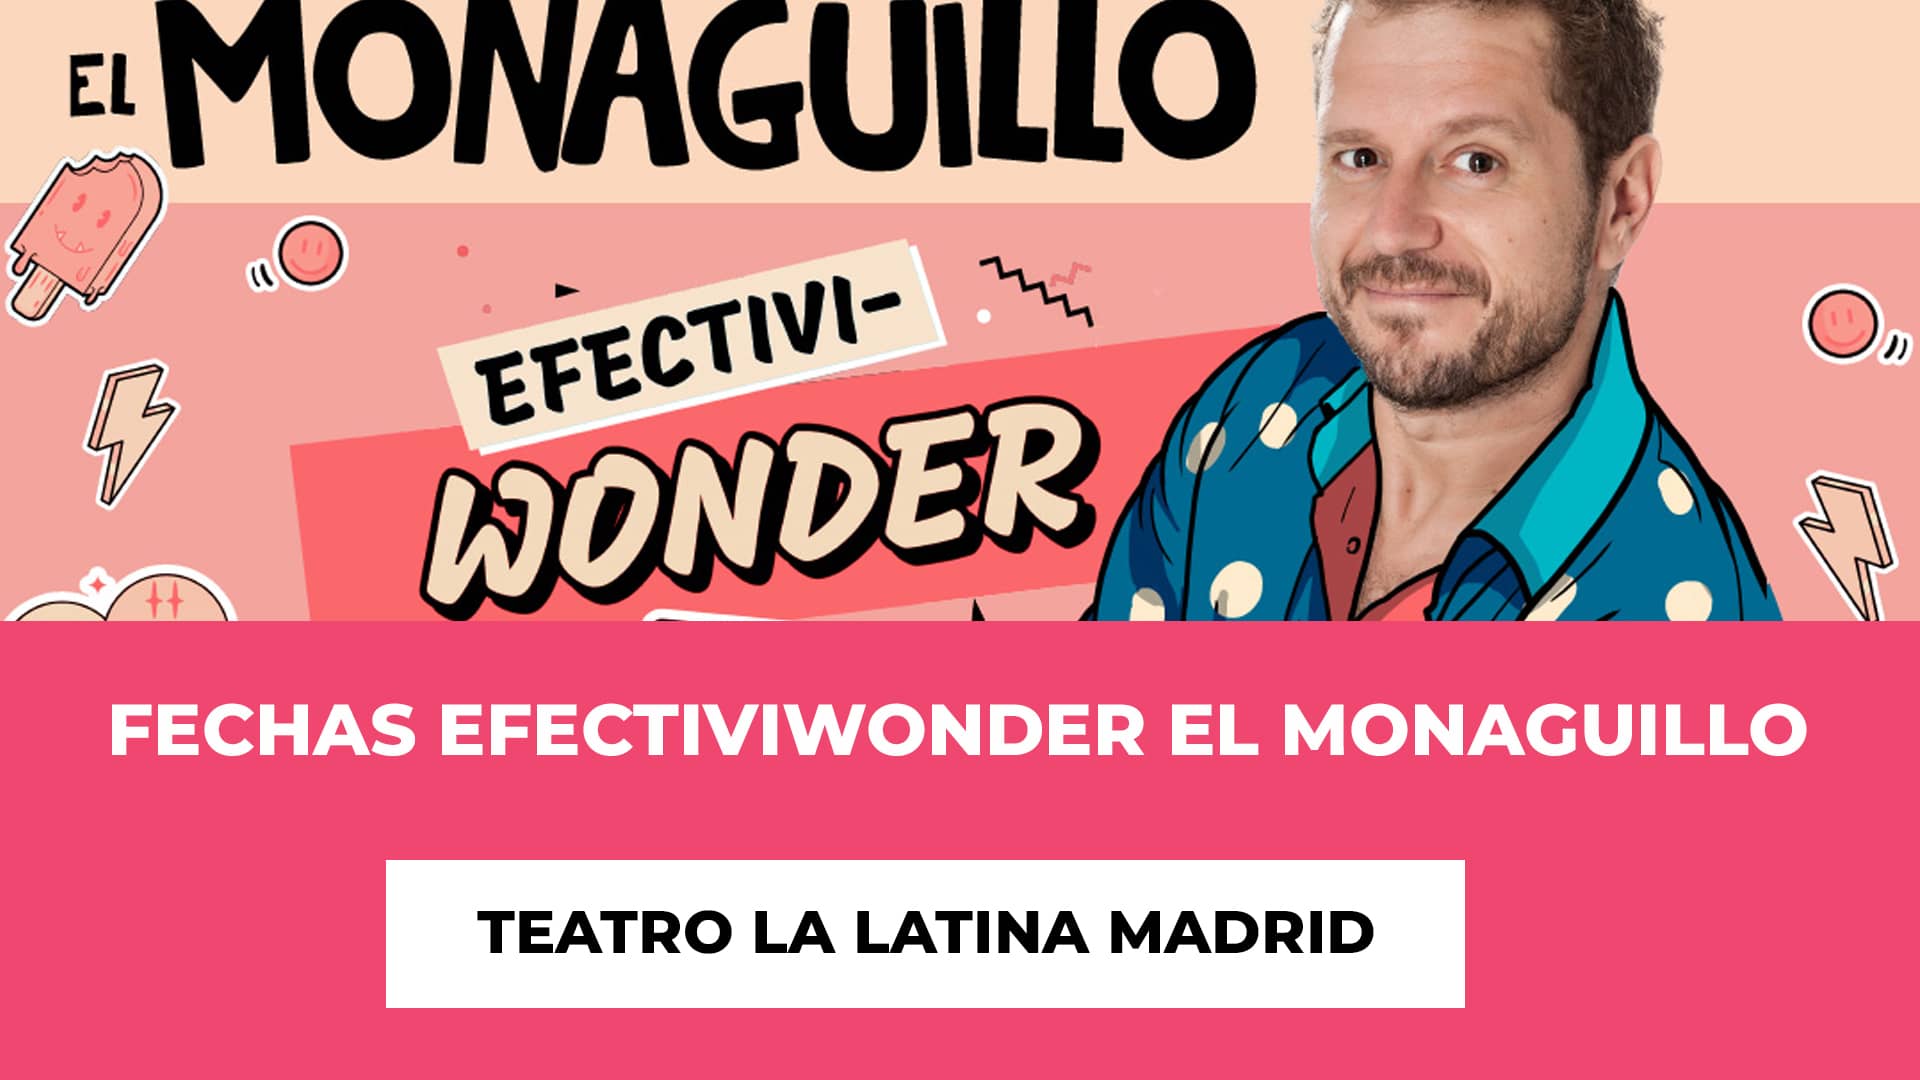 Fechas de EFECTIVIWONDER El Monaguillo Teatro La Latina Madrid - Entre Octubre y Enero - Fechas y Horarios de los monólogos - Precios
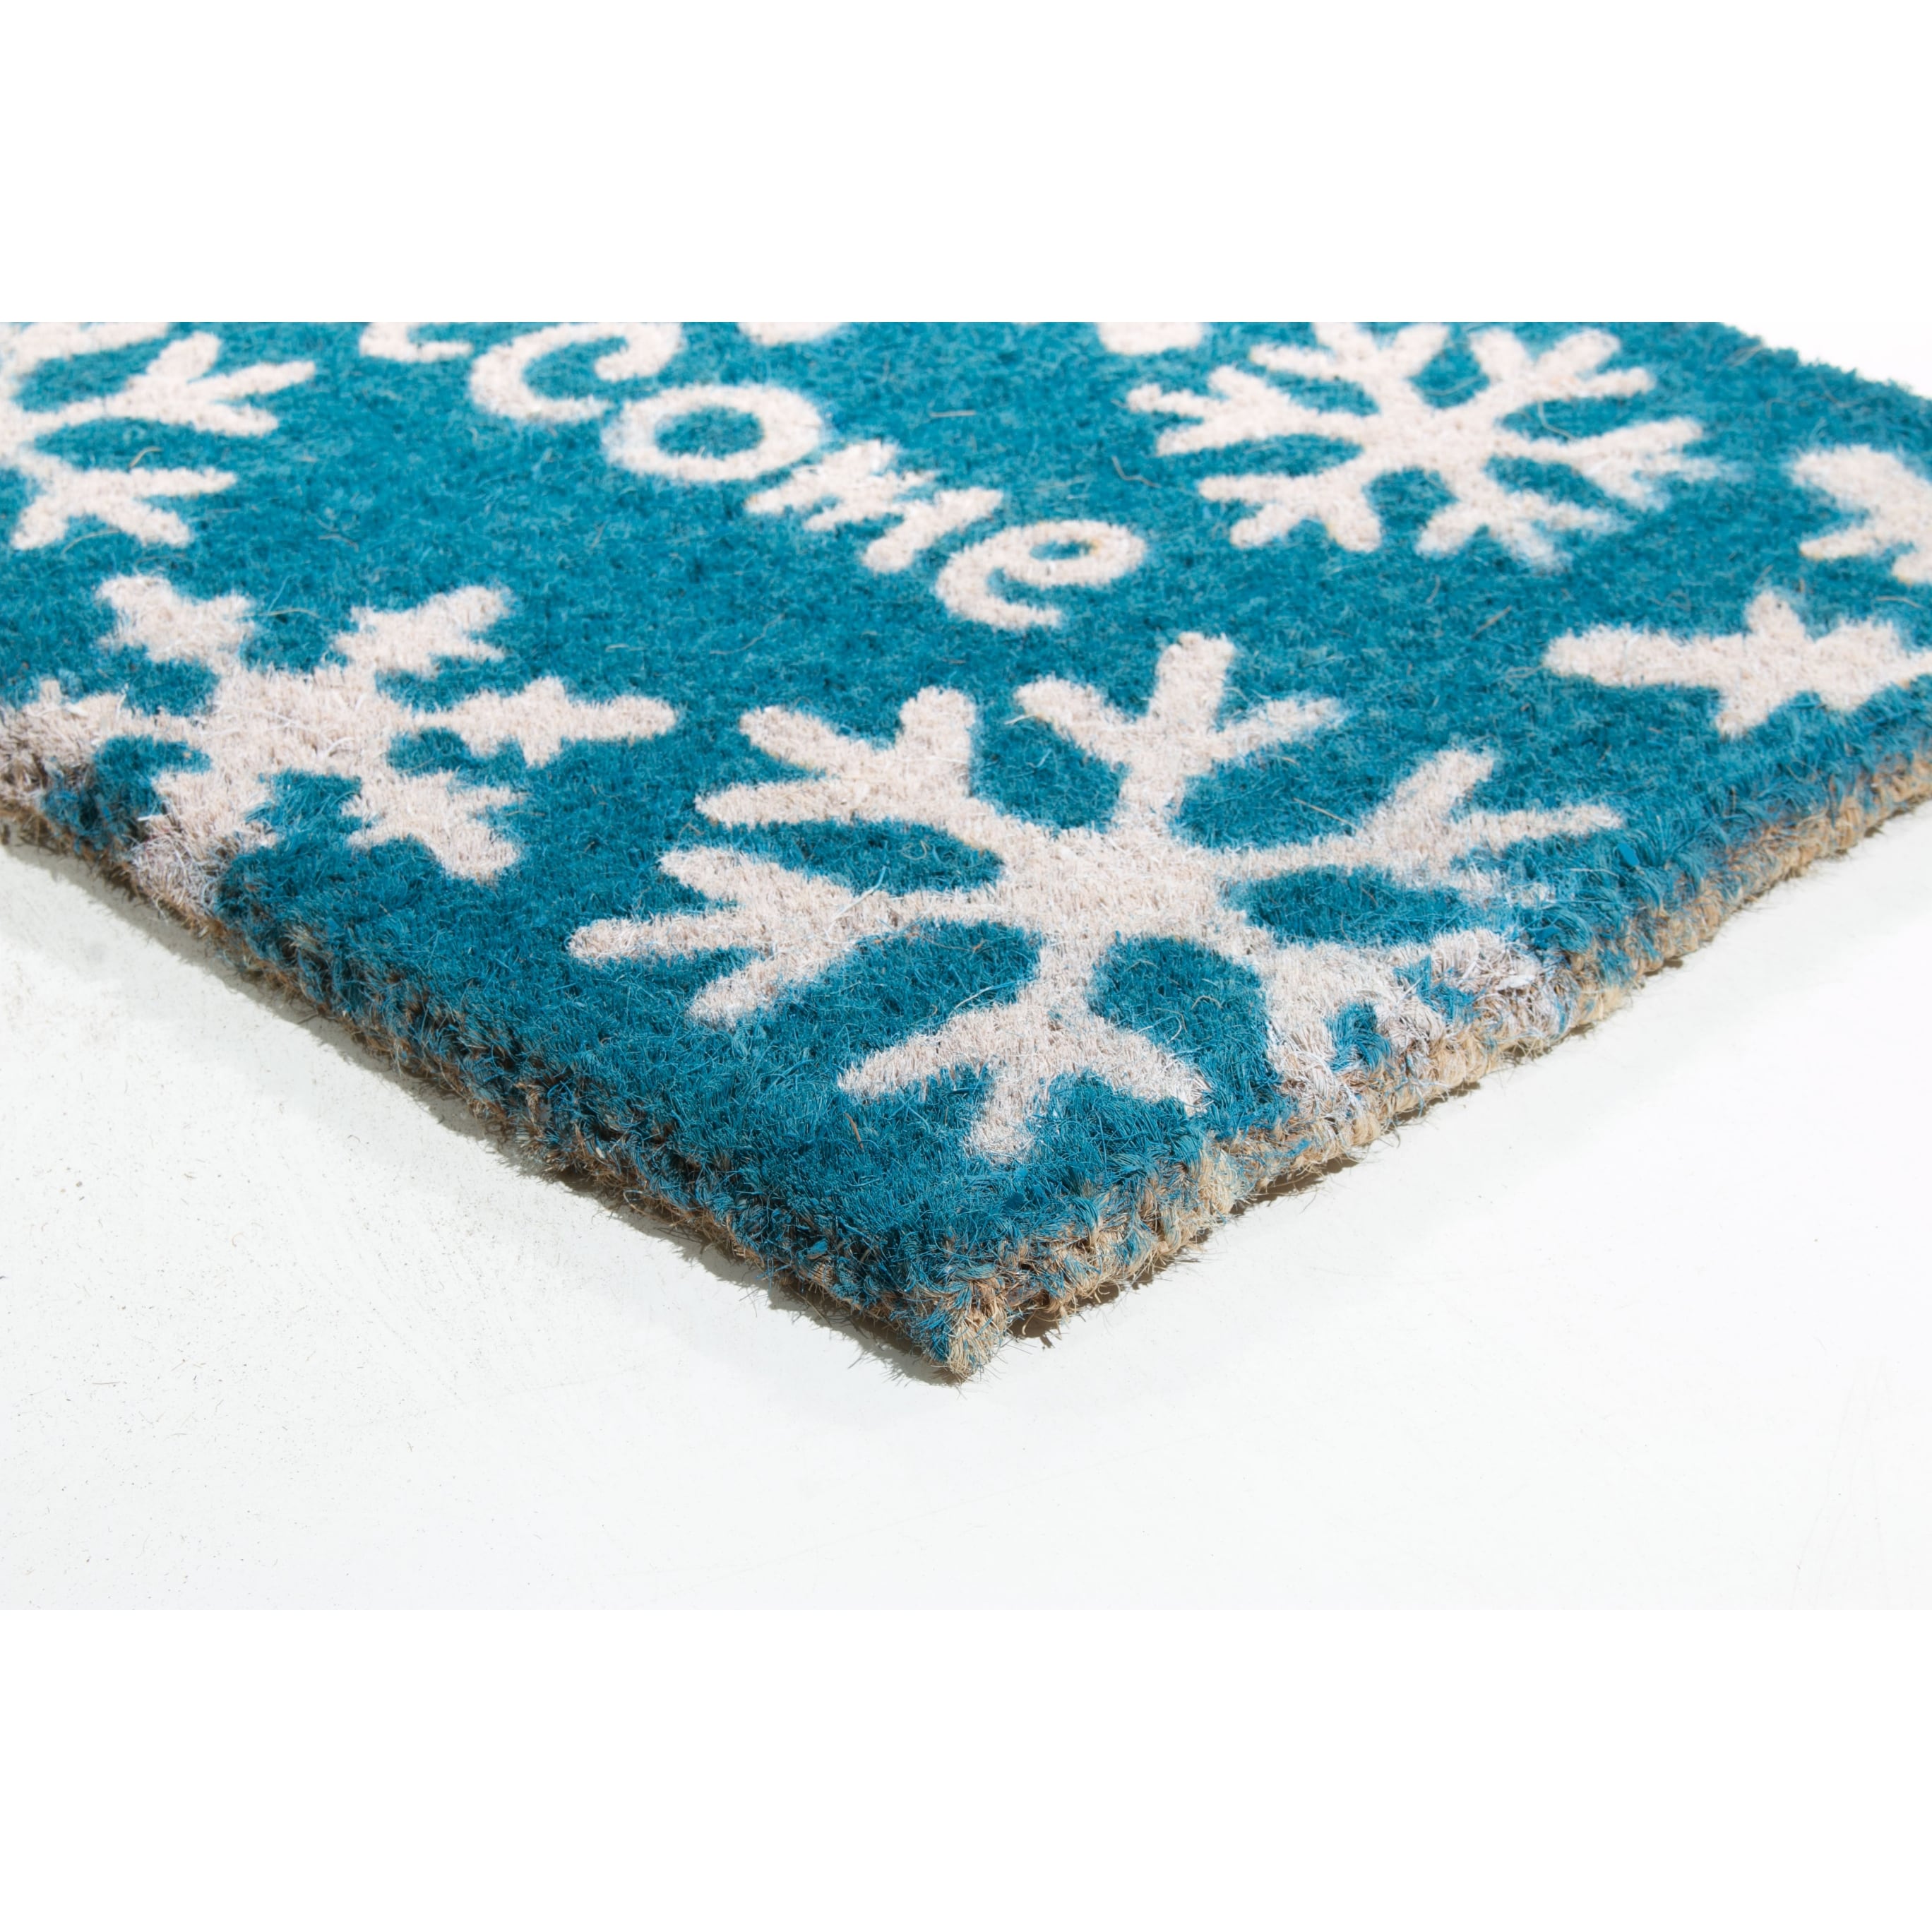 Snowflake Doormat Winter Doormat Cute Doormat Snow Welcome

...

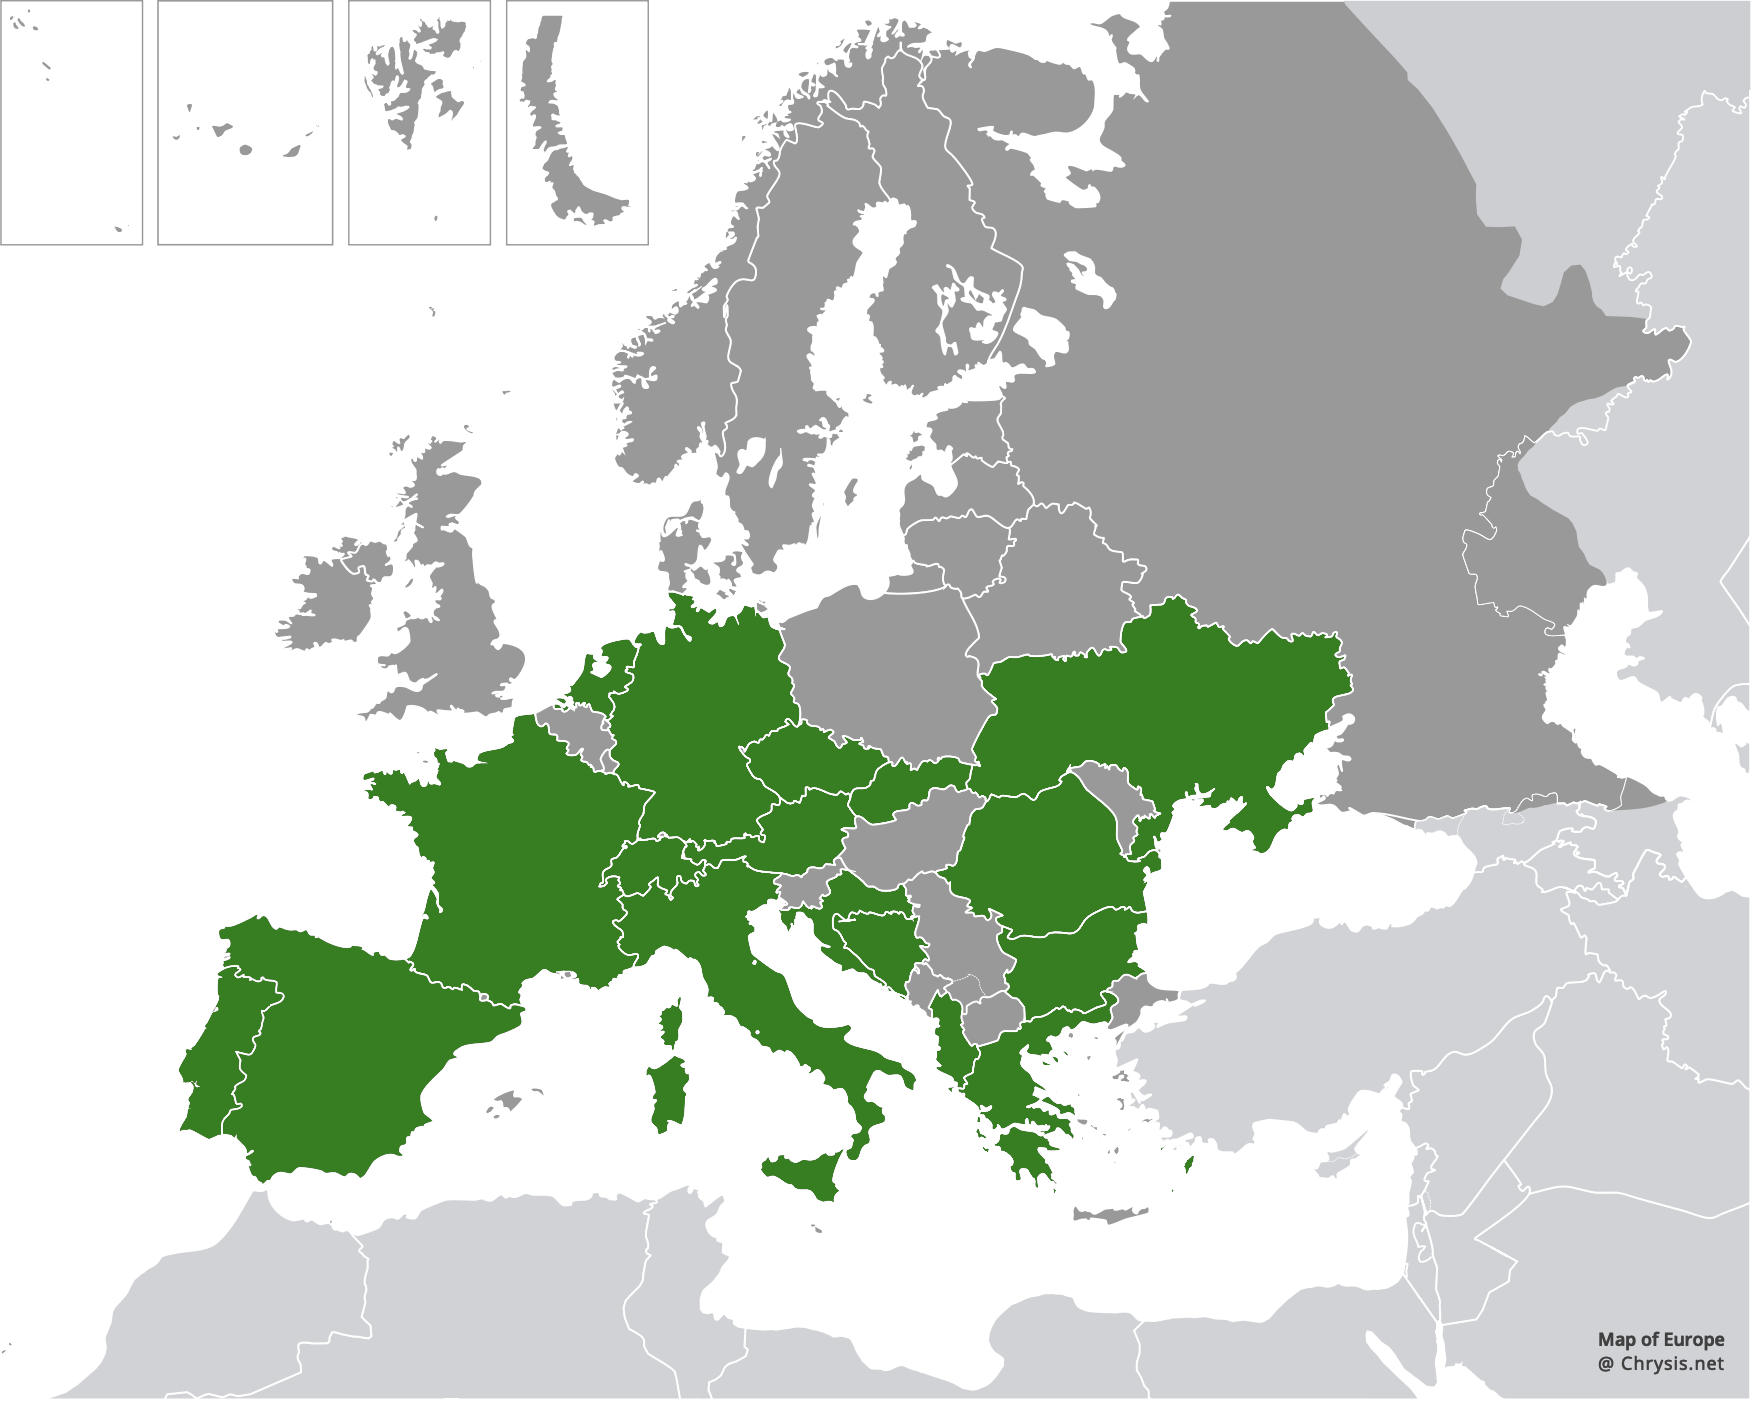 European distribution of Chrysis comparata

WHAT IS NEEDED: Please repeat the lines of the material above exactly, starting with the line that contains "Fechas de EFECTIVIWONDER" and ending with the line that contains "Snowflake Doormat Winter". Leave the pictures out.

EXERCISE RESPONSE:
 Fechas de EFECTIVIWONDER El Monaguillo Teatro La Latina Madrid - Entre Octubre y Enero - Fechas y Horarios de los monólogos - Precios
 Snowflake Doormat Winter Doormat Cute Doormat Snow Welcome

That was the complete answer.